Germany's Merkel starts 3rd term with new allies

Published on NewsOK Modified: December 17, 2013 at 1:37 pm •  Published: December 17, 2013

BERLIN (AP) — Angela Merkel has won over Germans once again.

The 59-year-old, no-drama leader has weathered turbulent economic times, firmly establishing Germany as Europe's financial taskmaster while preserving its welfare comforts and status as a reluctant world power.

Since entering politics in her mid-30s after a career as a physicist, Merkel has earned a reputation as an effective operator on the international stage, warming ties with the U.S. that had been frayed by German opposition to the Iraq war and brokering compromises among fractious European Union leaders.

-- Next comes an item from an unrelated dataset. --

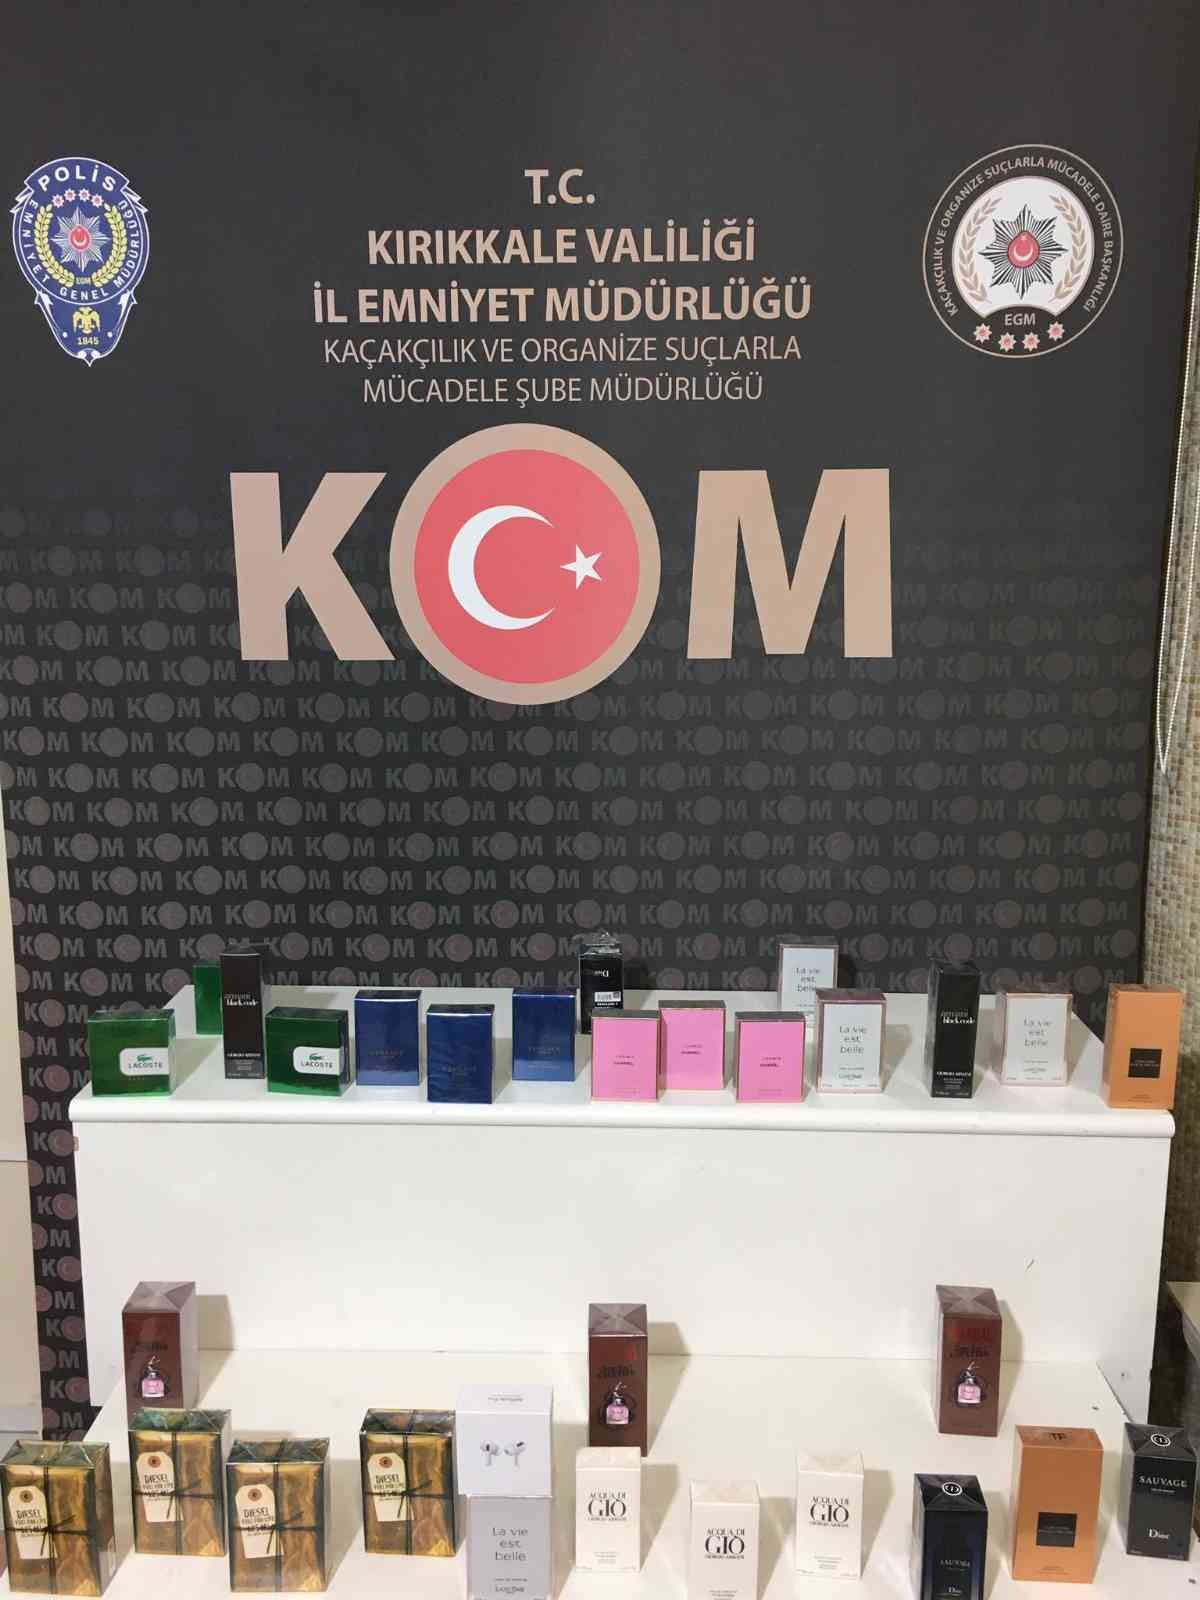 Kırıkkale’de kaçak parfüm operasyonu: 1 gözaltı #kirikkale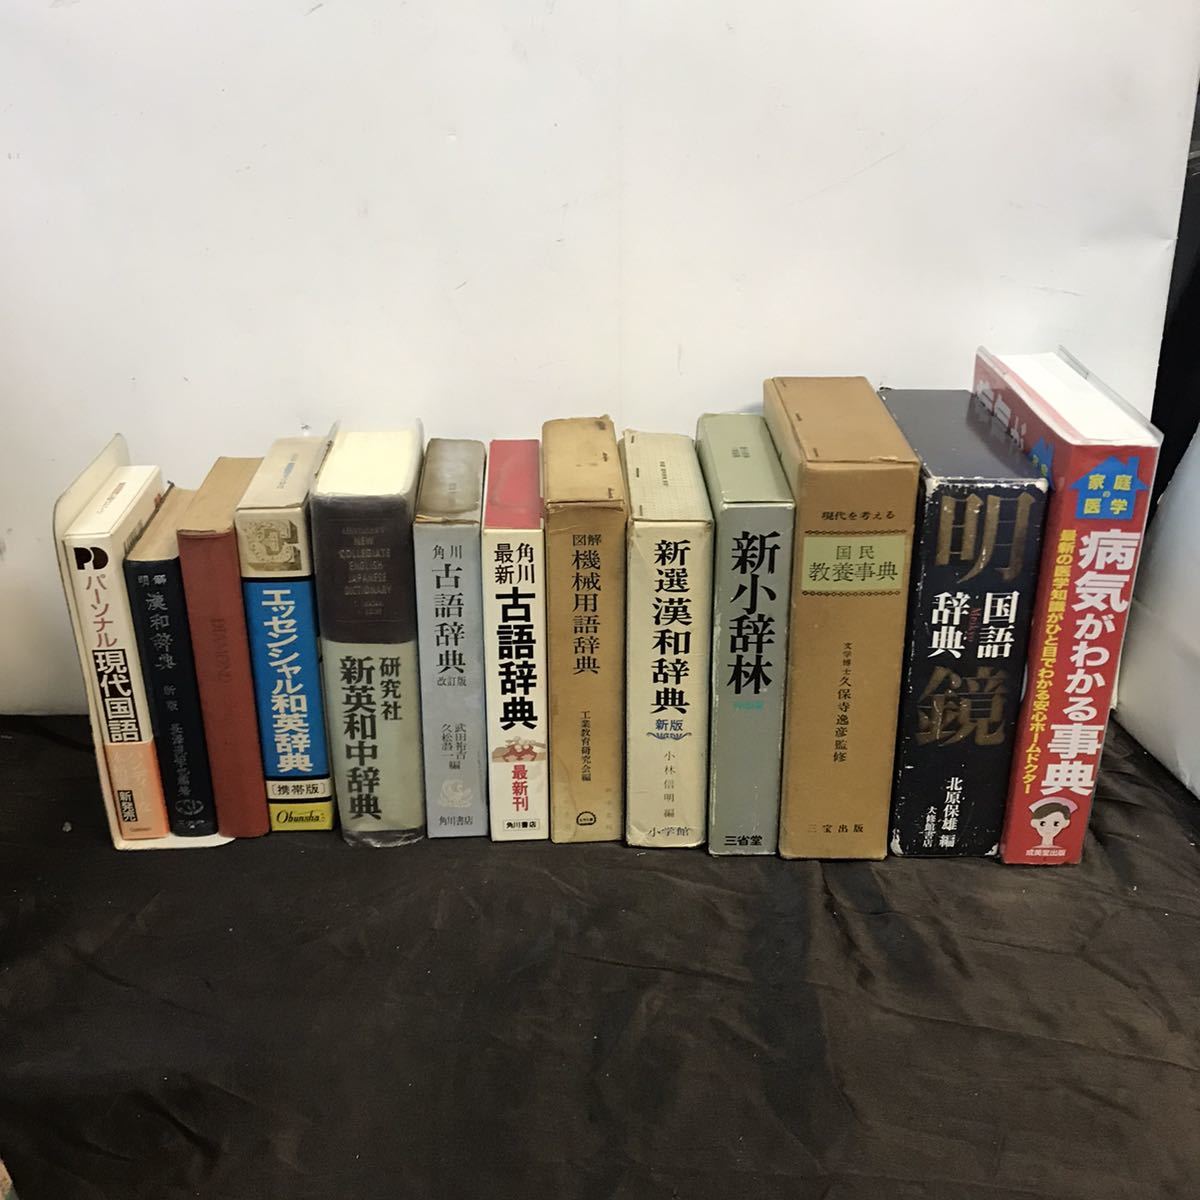 Словарь 13 Книги Британский английский язык китайский японский древний язык

She has already achieved a number of firsts: the first German chancellor from the former communist east and the first woman to lead the country.

"It is said of her that she doesn't specify what is at the end of the journey, but she governs with a steady hand," Lothar Probst, a political scientist at the University of Bremen, told Phoenix television. "People clearly like that. They have confidence in her and she is unpretentious."

It's a style has served her well with an electorate that doesn't yearn for radical change or charismatic leaders after the turmoil of the 20th century, which saw Germany defeated in two World Wars and then divided into two rival states.

Merkel was sworn in Tuesday for a third term as chancellor at the head of a "grand coalition" of her conservative Union bloc and the center-left Social Democrats, traditional rivals who together have a huge parliamentary majority.

At home, she has taken a relentlessly pragmatic approach, nudging her conservatives toward the center on issues such as an end to military conscription and her decision to phase our nuclear power after Japan's 2011 Fukushima disaster.

Instead of oratorical flair or talk of a grand vision, Merkel projects a nurturing image of someone who occasionally does her own grocery shopping, enjoys baking and buys clothes off the rack in Berlin department stores. She and her second husband, chemistry professor Joachim Sauer, live quietly in a Berlin apartment without the trappings of the White House or Britain's No. 10 Downing Street.

Merkel returns to the chancellery as Europe is still struggling from debt-fueled recession. Germany's relations with its chief ally, the United States, are strained over reports that the American spy agency monitored her cellphone and collected electronic information from ordinary Germans, a practice that harkens back to dictatorial rule by the Nazis and East German communists.